There's a Danish horror/crime movie called 'Nattevagten' (='Night guard') which really scared the smiley - bleep out of me. It's about a watchman at a morgue who grows more and more paranoid, and when he gets wrongfully accused of being a necrofiliac... I think the reason this scared me so much, was because I was on a class trip in an un-civilized forest, and at midnight we sat in our sleeping bag watching the movie projected on a white sheet tied between two trees smiley - monster Try watching anything like that, and it will scare the smiley - bleep out of ya! smiley - yikes

'The Sixth Sense' also kept me awake for some time, but for the general movie I was mostly started at partuclar scenes.

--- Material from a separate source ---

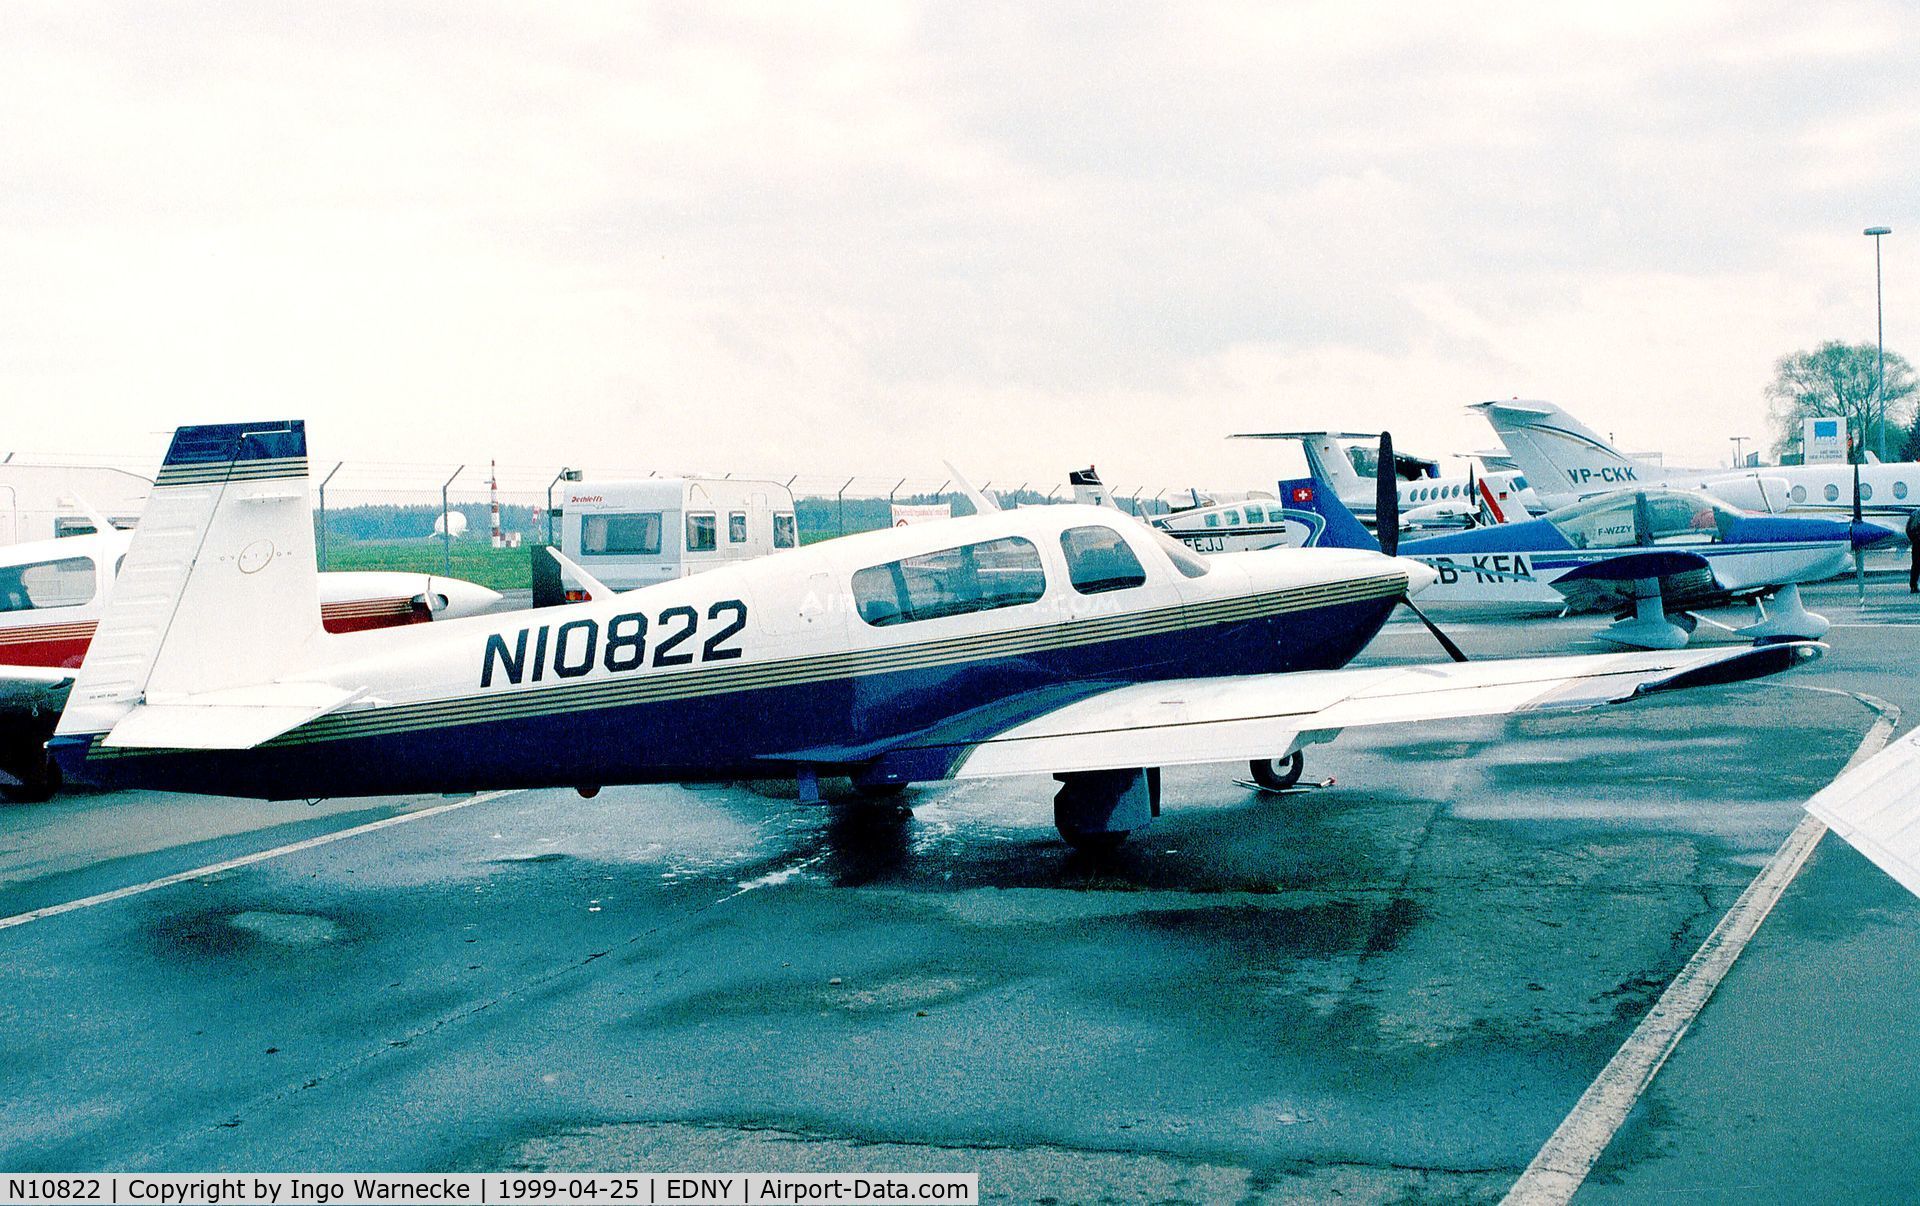 N10822, 1997 Mooney M20R Ovation C/N 29-0118, Mooney M20R Ovation at the Aero 1999, Friedrichshafen

Well, movies don't usually scare me so much - books, on the other hand, is what makes me always check behind the shower curtain at night...


Scariest Films

Post 43

Blues Shark - For people who like this sort of thing, then this is just the sort of thing they'll like


Bits of 'The Kingdom' aren't too well associated with sanity, and scare the willies out of me, I have to say. smiley - smiley

smiley - shark


Scariest Films

Post 44

Mr. Legion

Tilly, I think I saw an English version of the Night Guard film, with Ewan McGregor as the main character and Nick Nolte (smiley - yuk) as the cop. Did he also have a suspicious best friend?

It was a pretty scary film that I saw, Nightwatch I think it was called, though I have no doubt they mucked it up in the translation. They always do.


Scariest Films

Post 45

Xanatic

Nattevagten wasn't that special. But The Kingdom(Riget) was really creepy.


Scariest Films

Post 46

Blues Shark - For people who like this sort of thing, then this is just the sort of thing they'll like


Watching the Kingdom in the UK has always been a bit frustrating here in the UK.
It's NEVER been shown in it's entirety (about six episodes only), and the video people only have the rights to that which was shown on tv. I'd smiley - love to see the whole thing.

smiley - shark


Scariest Films

Post 47

DoctorGonzo

Texas Chainsaw Massacre was a good film, IMO. Quite disturbing - not the OTT scenes in the house, but the abrubtness of some the killing was unsettling. And the final scene was effective.


Scariest Films

Post 48

Blues Shark - For people who like this sort of thing, then this is just the sort of thing they'll like


I was thoroughly underwhelmed by the whole thing, to be honest.

smiley - shark


Scariest Films

Post 49

Zak T Duck

Nosferatu, eine Symphonie des Grauens (trans: A Symphony of Horrors)
By modern standards this 1922 silent horror film is more of a comedy, the only thing scary about it now is the fact that any copies of it still exist. smiley - smiley


Scariest Films

Post 50

Blues Shark - For people who like this sort of thing, then this is just the sort of thing they'll like


I'd have to disagree with that. It may not be scary anymore, but Murnau was one of the true pioneers of modern cinema, and that film practically wrote the book on a number of techniques that became standard in later years.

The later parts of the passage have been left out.